South Bay Expressway: Bankrupted Toll Road Tests Transportation Department Program

Will Bankrupt Toll Road Bankrupt The Feds?

When federal officials finalized a loan to a consortium building a toll road through open country in San Diego County near the Mexican border in 2003, they had high hopes for the project: the South Bay Expressway. Taking advantage of the Transportation Infrastructure Finance and Innovation Act, the investors behind the four-lane highway sought to prove that the private sector had a role to play in America's transportation infrastructure.

Unlike other so-called "brownfield" acquisitions of existing toll roads like the Chicago Skyway, the South Bay Expressway was supposed to serve as evidence that private industry could build "greenfield" highways with a little help from the feds.

The $140 million in federal money loaned to the highway, Bush Transportation Secretary Norman Mineta said at the time, was "a TIFIA success story, demonstrating how innovative federal financing tools can attract private investment to critical transportation projects."

Officially owned by the California Department of Transportation, the road would be leased to a group of private backers until 2042. The toll road's backers -- including an assortment of some of the world's leading banks and the Macquarie Infrastructure Group, a major player in the burgeoning world of such so-called "public-private partnerships," (PPPs) -- expected that the then-seemingly unstoppable suburban growth near San Diego would repay their investment handsomely.

Eight years later, after $635 million in construction costs, disappointing traffic revenue, the housing crash and bankruptcy, the South Bay Expressway is something less than a monument to "innovative" financing methods and private industry. Instead, the the toll road, which emerged from Chapter 11 bankruptcy in April, was officially sold to the San Diego Association of Governments on Dec. 21. Macquarie, the Australian infrastructure investment company, simply wrote the road off as a loss.

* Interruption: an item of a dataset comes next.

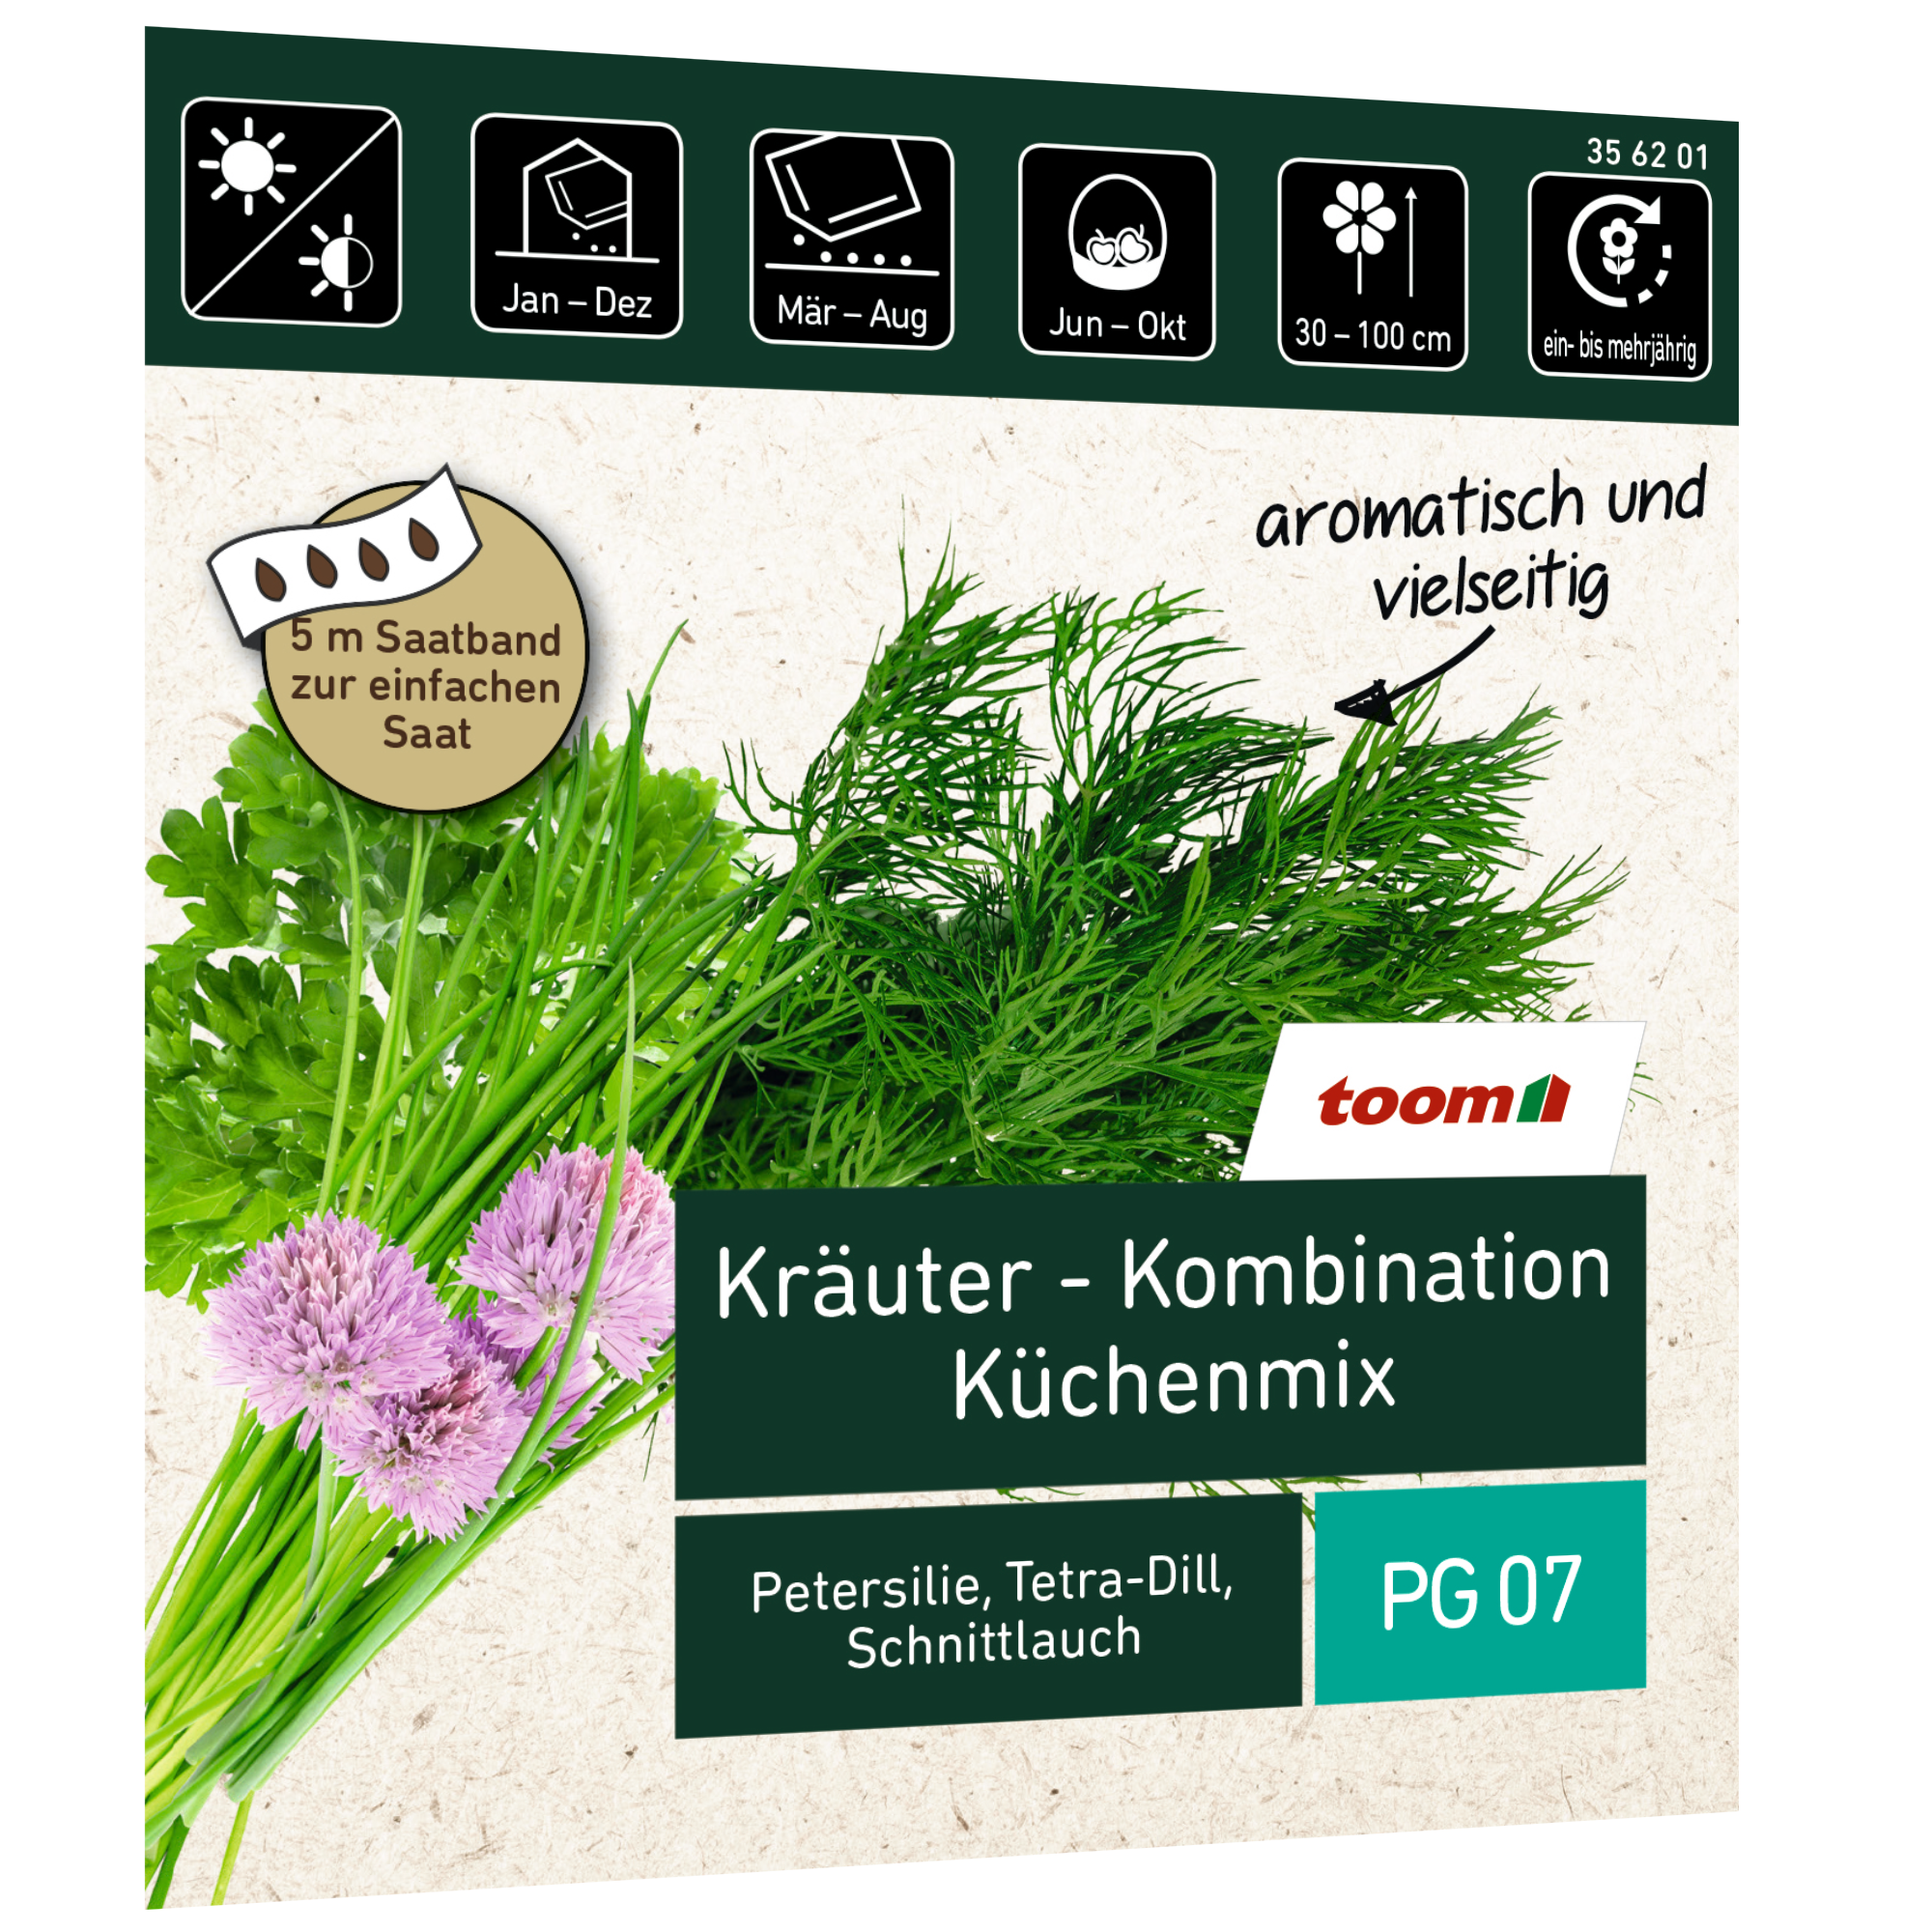 Kräuter 'Küchenmix' Saatband 5 m + product picture

In the meantime, the bankruptcy tested one of key provisions of the TIFIA program: the so-called "springing lien" that jumps the federal government to the head of the line of creditors looking to recoup their investments. The bank lenders on the project will all lose money, but the federal government, which saw its initial $140 million loan to the company running the toll road chopped down to $94.2 million during the bankruptcy period, says that it will still break even on the South Bay Expressway because of higher interest rates paid on its loan.

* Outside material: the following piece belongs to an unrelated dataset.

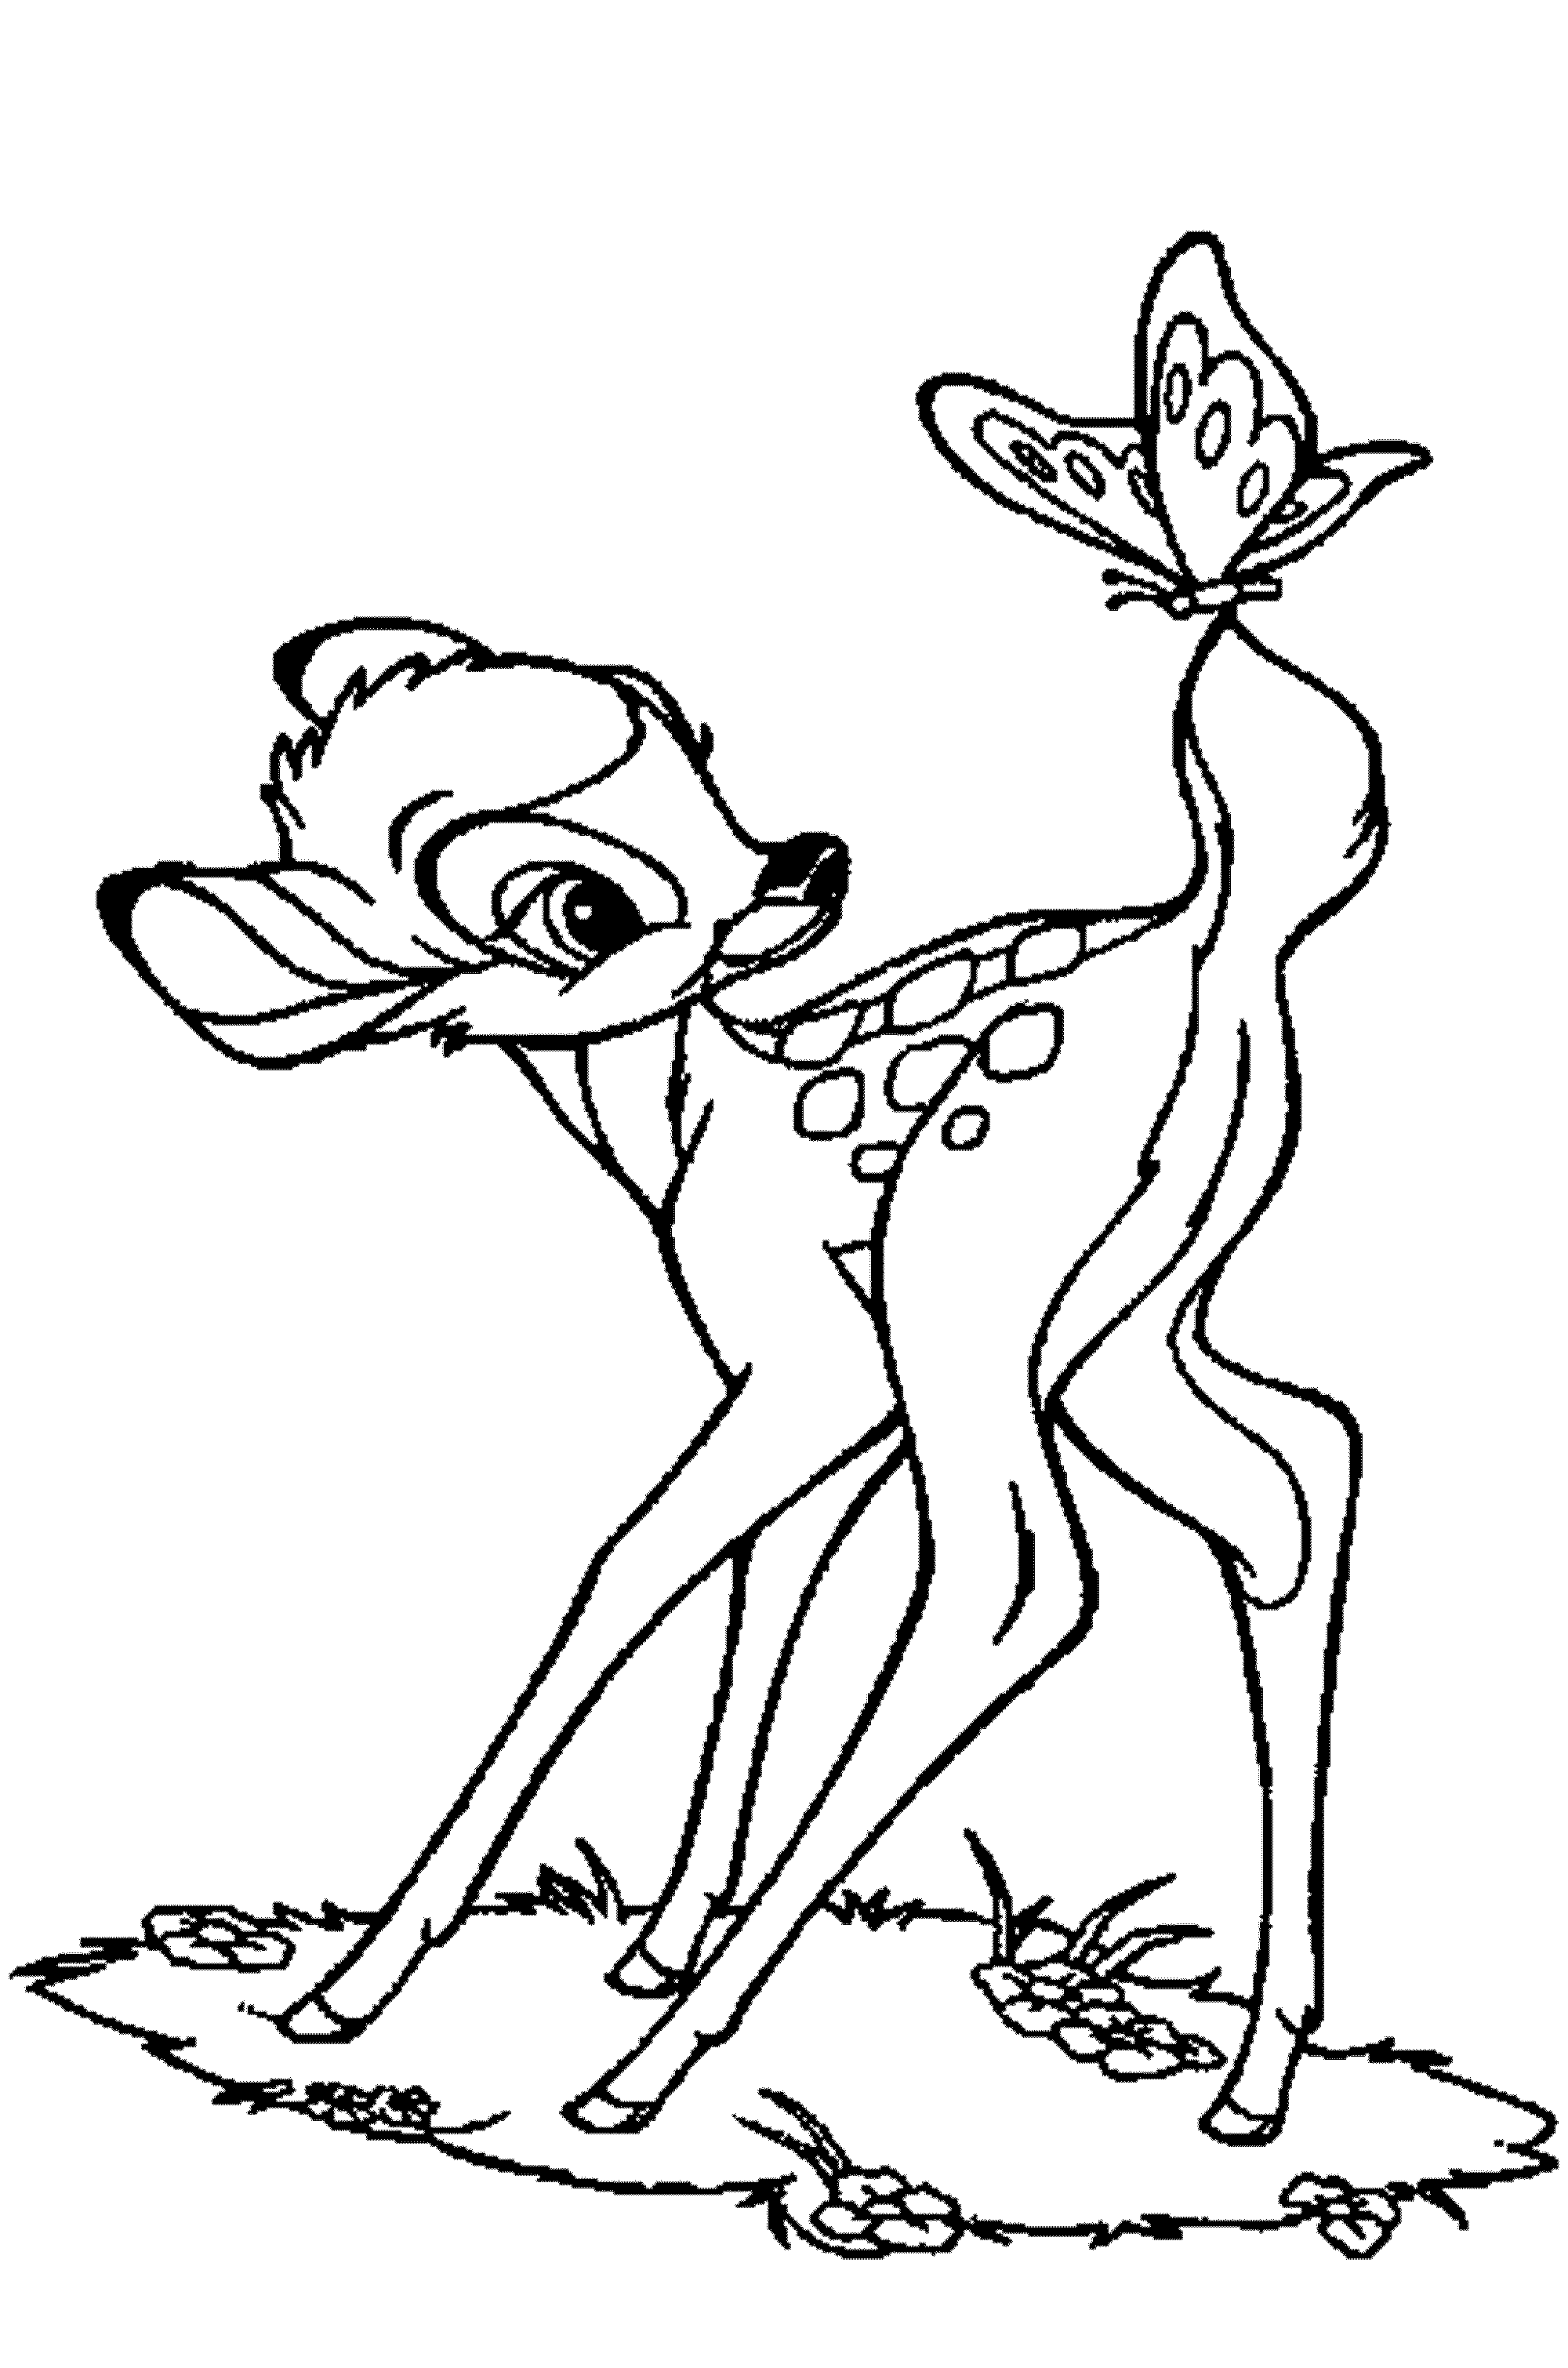 Baby Deer Drawing at GetDrawings | Free download

"I think in the end we were able to construct a deal that was good for both the region and TIFIA," said Marney Cox, chief economist for the new owners, SANDAG. At the same time, Cox said, negotiations over how to construct the deal in such a way that the federal government wouldn't lose money were difficult.

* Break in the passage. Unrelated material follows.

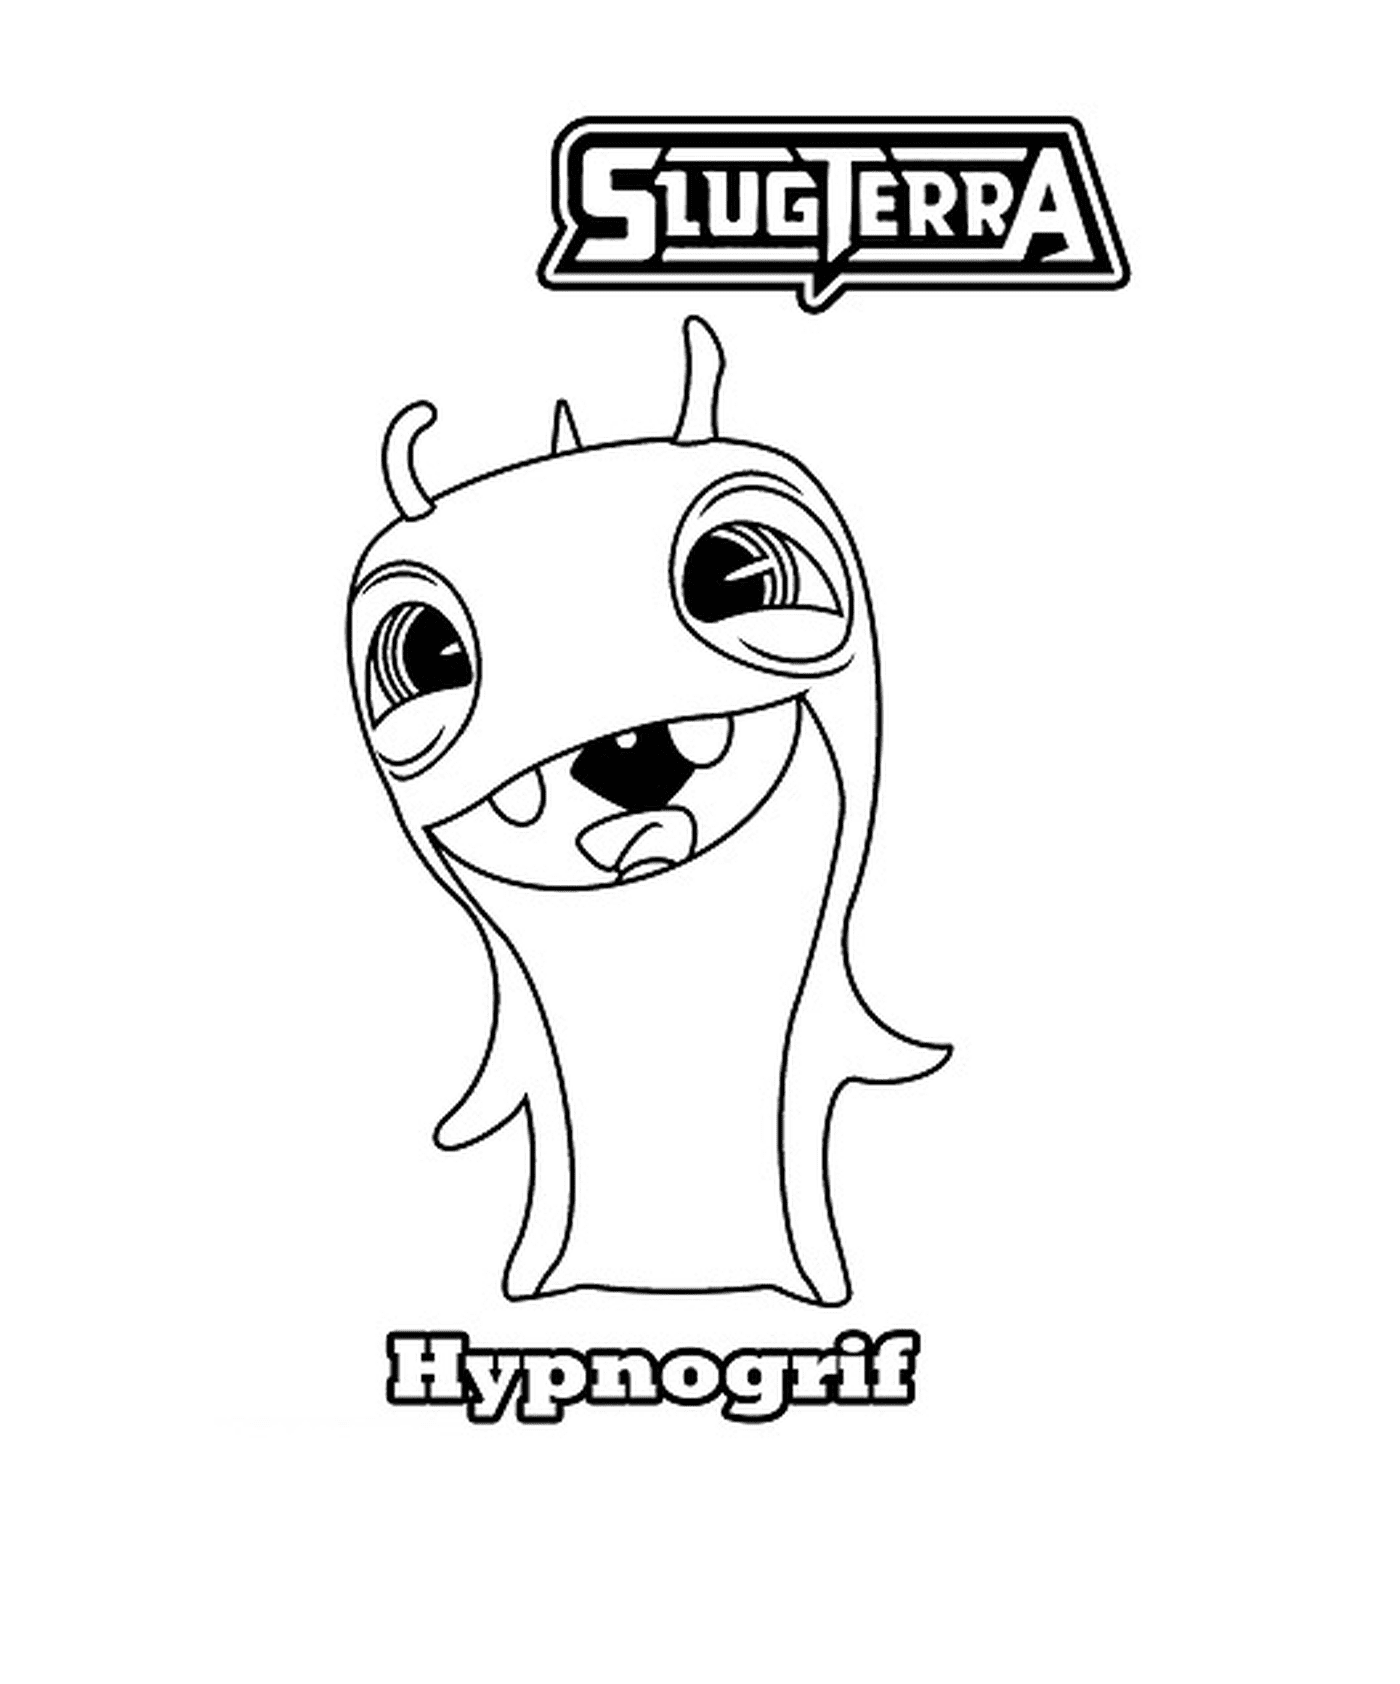  Hipnotizador de dibujos animados slugterra hipnogrif

"To have the first one go bad on you wouldn't have been a good sign for the program over all," Cox said. "So I think they were trying to figure out a way to save that program from going under."

Under a new arrangement with SANDAG, the Federal Highway Administration says, it may even have a shot at making more than the original principal and interest it predicted it would when it made the loan in 2003 -- as long as traffic exceeds conservative estimates.

The road's tortured history, and especially its journey through bankruptcy court, are enough to convince critics of PPPs that this is one bet the feds never should have made.

"Private toll roads are backed by expectations about increased driving volume," said Phineas Baxandall of the U.S. federation of state Public Interest Research Groups.

The decision to build any road is based in part on projections of future traffic volumes, which are notoriously tricky to calculate. In the case of toll roads with private investors, however, when the government gets involved, the government's ability to break even is dependent on how accurately those private investors have judged the market.

Baxandall thinks the Federal Highway Administration should have taken a harder look at the South Bay Expressway's traffic projections. He also argues that projects like Los Angeles's "30/10" expansion of its mass transit program, which promises to build 30-years'-worth of subway and transit expansions in just 10 years, are a better bet for taxpayers.

"Local transit projects like LA's expansion or Denver's light rail program are backed by local taxes, which are more reliable and can be tweaked to produce more revenue, so they should protect federal taxpayers' TIFIA dollars better," Baxandall said. Proposed legislation in the Senate could do away with mass transit's edge in the TIFIA selection process.

In San Diego, critics also raised eyebrows at the $341.5 million that SANDAG, the league of municipal governments, agreed to pay for the roads. That was significantly more than the road's assessed value of $287 million during the bankruptcy.

But Cox said the company in charge of the toll road after its bankruptcy was able to convince SANDAG that its business was worth the larger amount, because of arguments that it might be able to extend its lease on the road, chop executives' salaries and reduce its property taxes.

Carolyn Chase of the San Diego chapter of the Sierra Club said it was a case of misplaced priorities.

"They love freeways," Chase said. "Honestly. When you ask to use money for a better transit system, for instance, they'll say 'oh no, we can't do that.' But when it comes to a freeway, they find the money."